3.2 Bootloader Performance Test Setup
A laboratory test bench was established, comprising:
- A development board with the target motor control unit (STM32F407).
- A regulated DC power supply.
- A professional CAN interface (e.g., Vector VN1610) connected to the PC.
- The custom Python UDS Tester software.
- CANoe software for independent bus monitoring and validation.
Tests conducted included: power-on self-test and default application boot; manual invocation of the Bootloader via diagnostic session change; full firmware update cycles using sample HEX files of varying sizes; and negative tests like sending invalid service requests or interrupting power during programming.
3.3 Test Results and Analysis
The comprehensive testing yielded positive results, confirming the design’s validity:
| Test Category | Result | Observation / Metric |
|---|---|---|
| Basic Functionality | PASS | Bootloader initialized correctly, jumped to valid app, and entered programming mode on command. |
| UDS Service Compliance | PASS | All implemented services (0x10, 0x27, 0x31, 0x34, 0x36, 0x37, 0x3E) responded with correct positive/negative response codes as per ISO standards. |
| Firmware Update Integrity | PASS | Multiple update cycles were performed successfully. The CRC verification post-download passed every time. The new application executed flawlessly. |
| Data Transfer Performance | ACCEPTABLE | With a CAN bus speed of 500 kb/s and using ISO 15765 flow control, the effective data transfer rate for the motor control unit was measured. The time $T_{update}$ for a firmware of size $S$ can be estimated as: $$T_{update} \approx T_{overhead} + \frac{S}{R_{effective}}$$ where $R_{effective}$ accounts for protocol overhead. The achieved rate was sufficient for production and service needs. |
| Error Handling | PARTIAL PASS | The Bootloader correctly rejected invalid security keys and reported failed CRC checks.

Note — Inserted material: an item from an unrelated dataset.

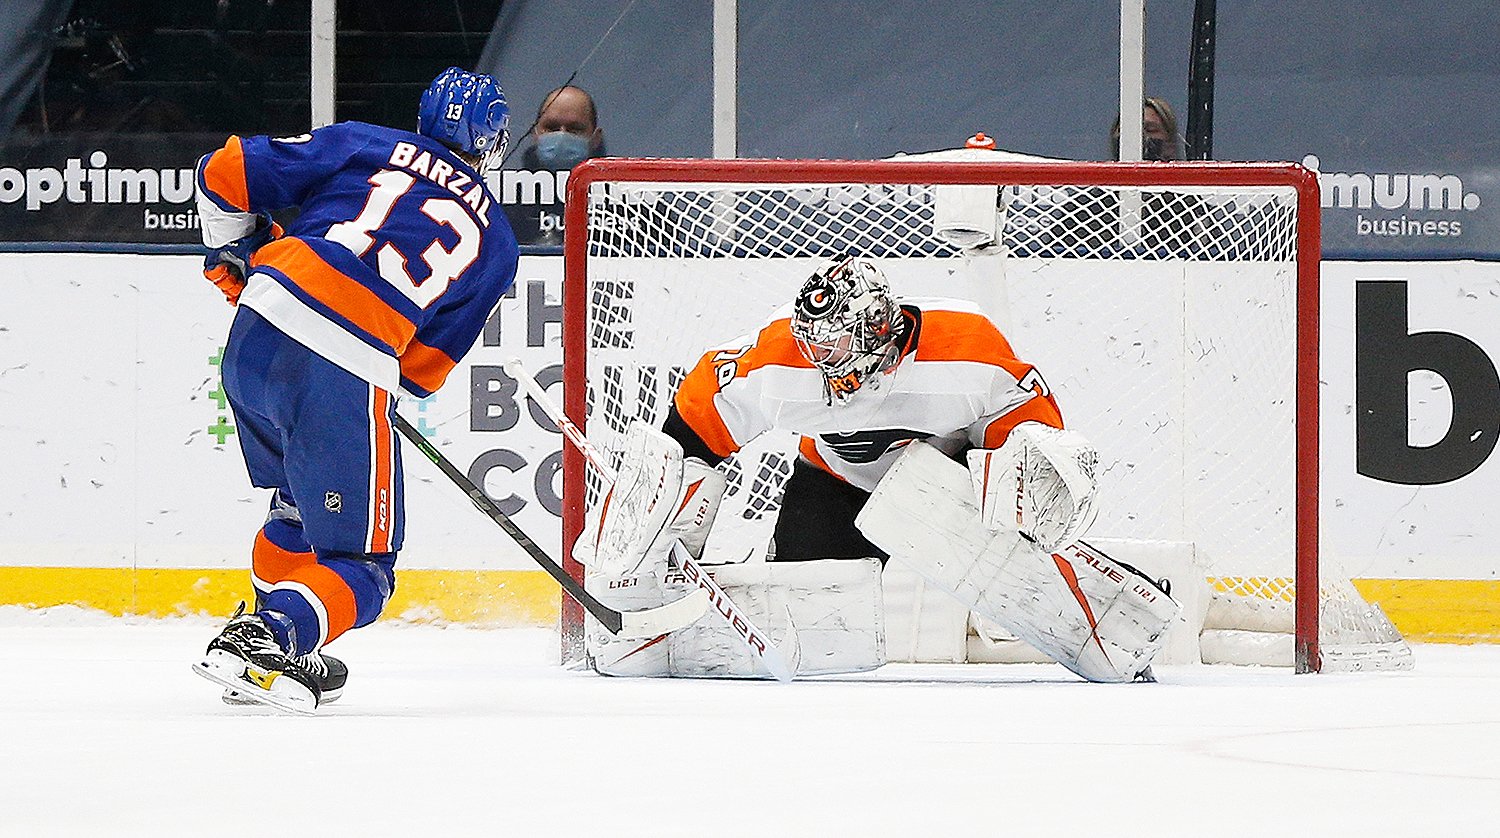 NHL Trade Deadline: With Flyers reflecting on moves, Carter Hart impresses, but the team falls into a shootout against Islanders

Recovery from a mid-transfer communication break required a full restart, highlighting a potential area for enhancement with a resume feature. |
Conclusion
This project involved the design and implementation of a robust, production-ready UDS-based Bootloader for automotive motor control units. Based on an in-depth analysis of industry standards (ISO 14229, ISO 15765) and practical engineering requirements, a system comprising embedded firmware for the target MCU and a PC-based tester application was successfully developed. The design employs a safe dual-application memory partition strategy, comprehensive UDS diagnostic services, and integrity checks to ensure reliable field updates. Laboratory testing validated the system’s functionality, protocol compliance, and data integrity. The implemented Bootloader provides a crucial foundation for efficient software lifecycle management in modern vehicles, significantly reducing update complexity and cost while enhancing the scalability and maintainability of automotive electronic systems. Future work may focus on adding differential update capabilities, support for additional communication backbones (Ethernet), and more advanced security features for the motor control unit software.